His son Jehoshaphat was by far the best king who had reigned since the schism. He had much of the character of both David and Solomon, and was thoroughly pious and devout, as well as wise, large-hearted, and valiant. He took away all that was idola. trous-images and wooden pillars, and mountain shrines—which had sprung up in those latter days of his father's forgetfulness of God. This was a work that every good king did again and again. The truth seems to have been that the people of Judah were so fond of their forbidden high places and pillars of Ashtoreth, that after every great clearance by a zealous king they gradually restored and crept back to them. Jehoshaphat, however, deprived them of the excuse of ignorance by sending priests and Levites, carrying the Book of the Law, namely the books of Moses, to teach them throughout their cities. There was at this time a great outpouring of the Spirit of prophecy, and while great prophets were rebuking sinful Israel, many fresh psalms were added to the existing store by the descendants of Asaph, who mark them as psalms of Asaph, and also as by the “sons of Korah," the other musical Levites of the Temple.

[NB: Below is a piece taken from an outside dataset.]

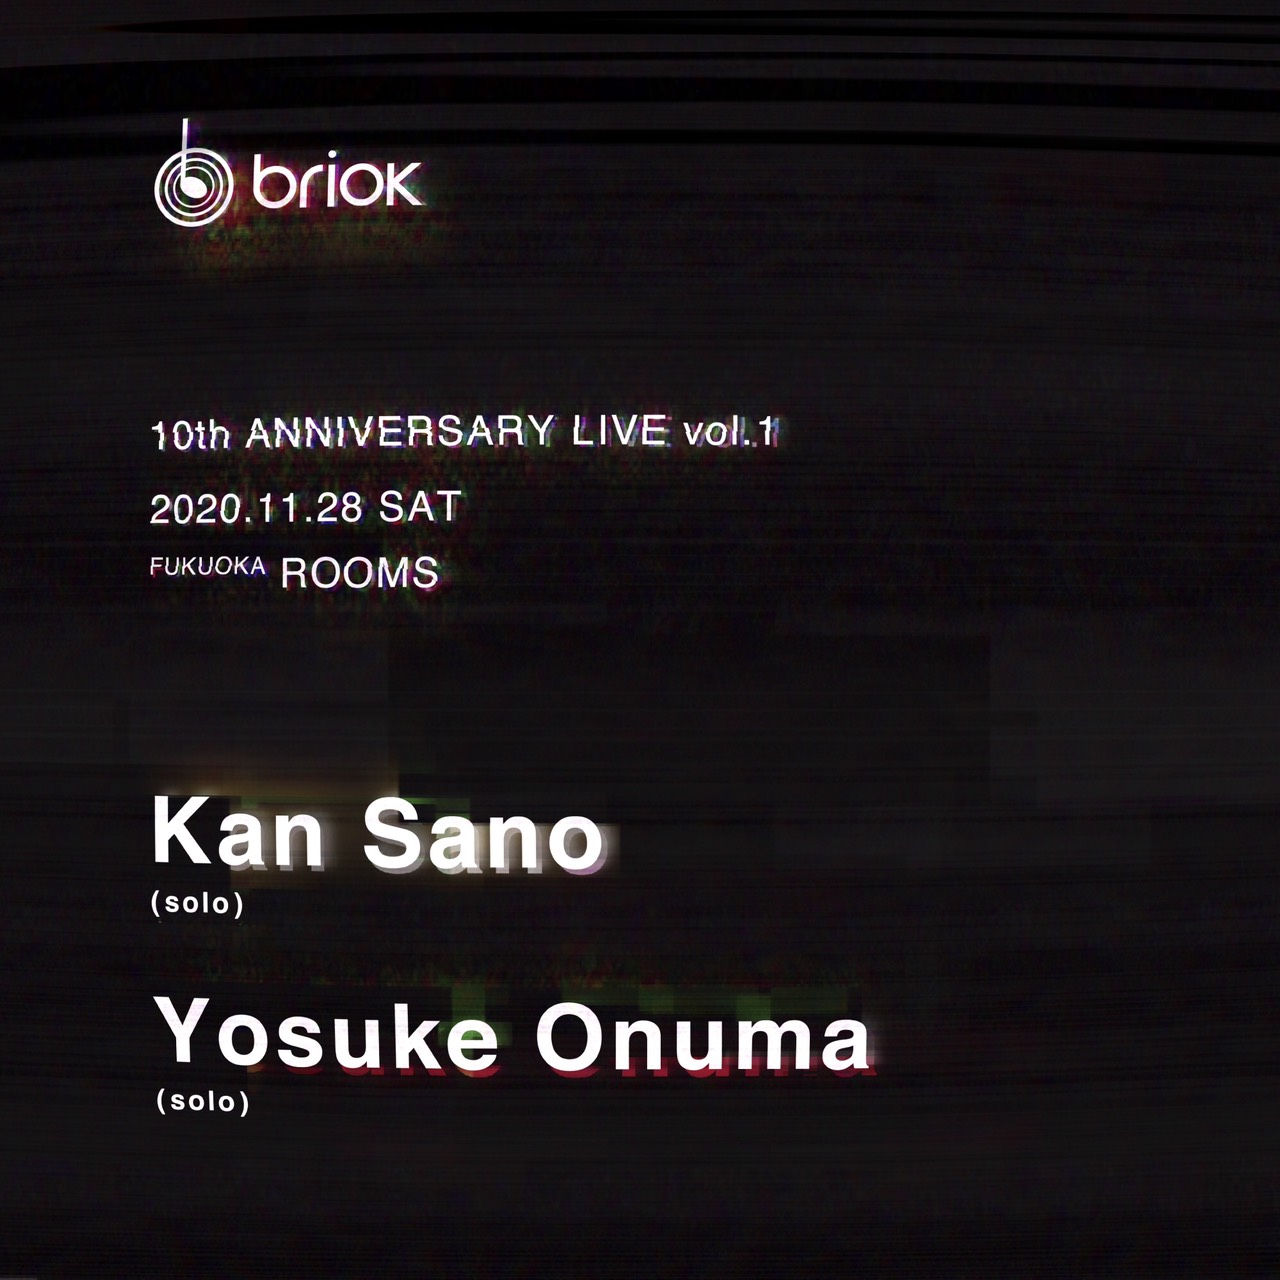 brick 10TH ANNIVERSARY LIVE vol.1 〈2nd stage 〉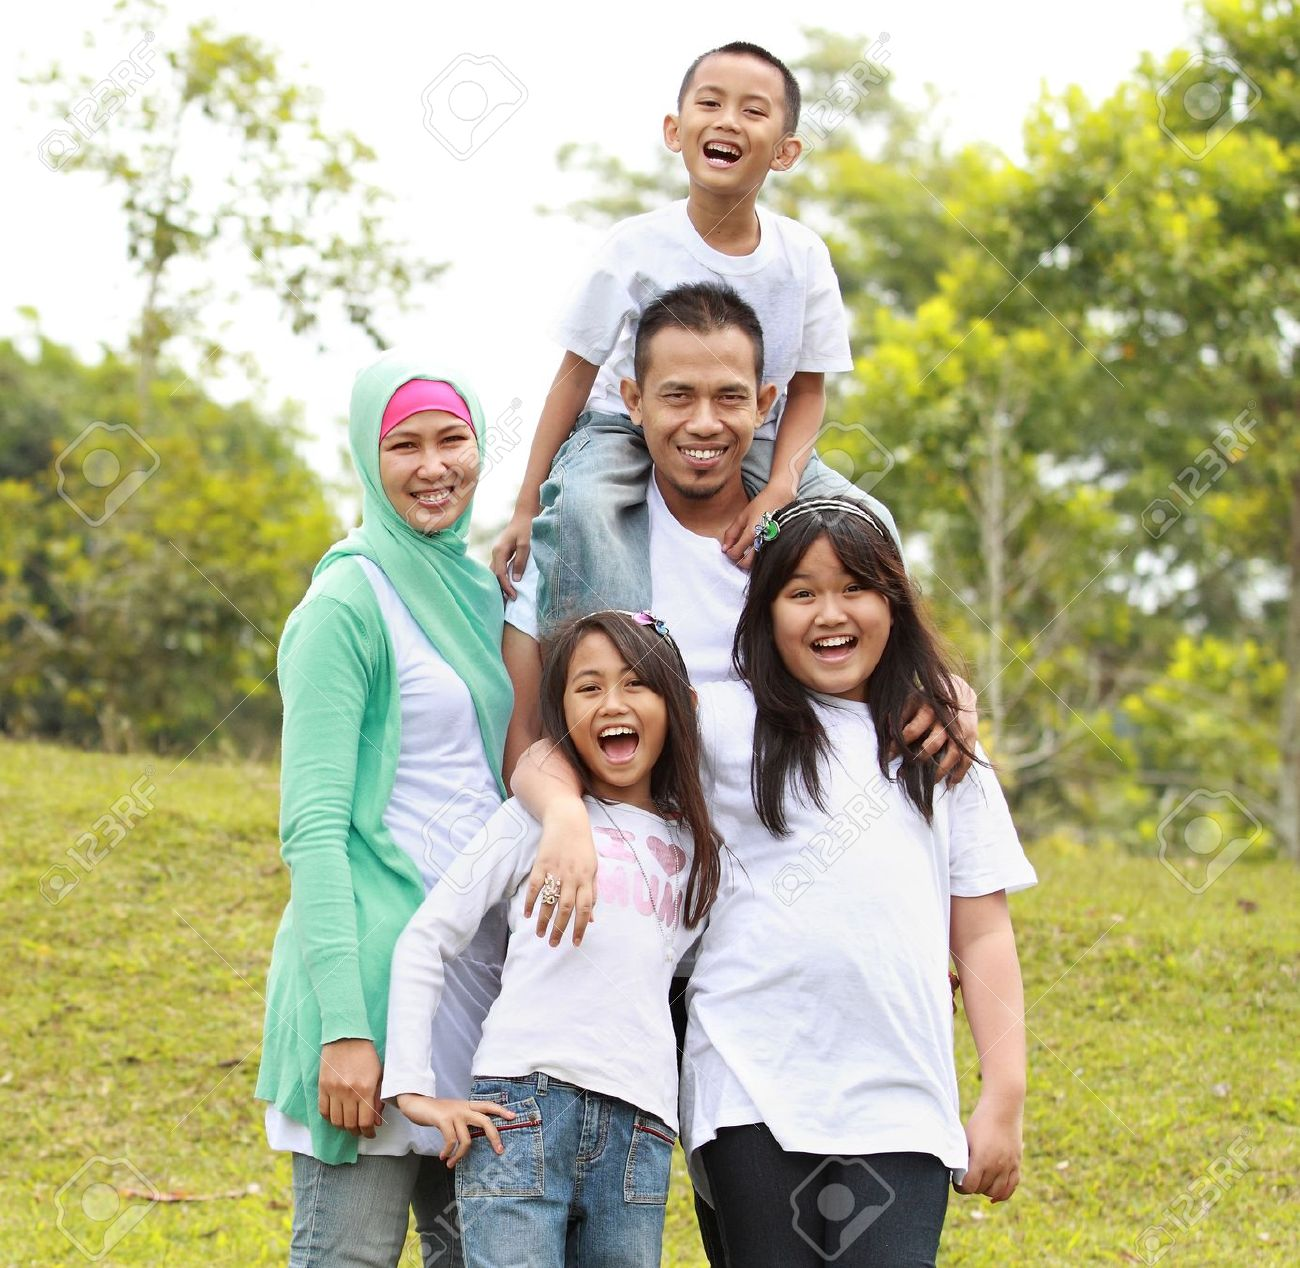 Portrait of Happy Family In Park Stock Photo - 10409882

Jehoshaphat was a great and prosperous monarch. His Judæan mountains were inhabited by a brave, industrious, happy people, cultivating to the very utmost the terraces on the mountains ; his army was always ready to be called out, and had captains of name and fame, who are recorded in the Chronicles as David's had been ; he fortified his cities, and had the Philistines and Arabs tributary to him, as well as the Edomites ; so that the glorious days of Solomon had returned, even to the shorn and diminished kingdom. What a contrast were the two kings!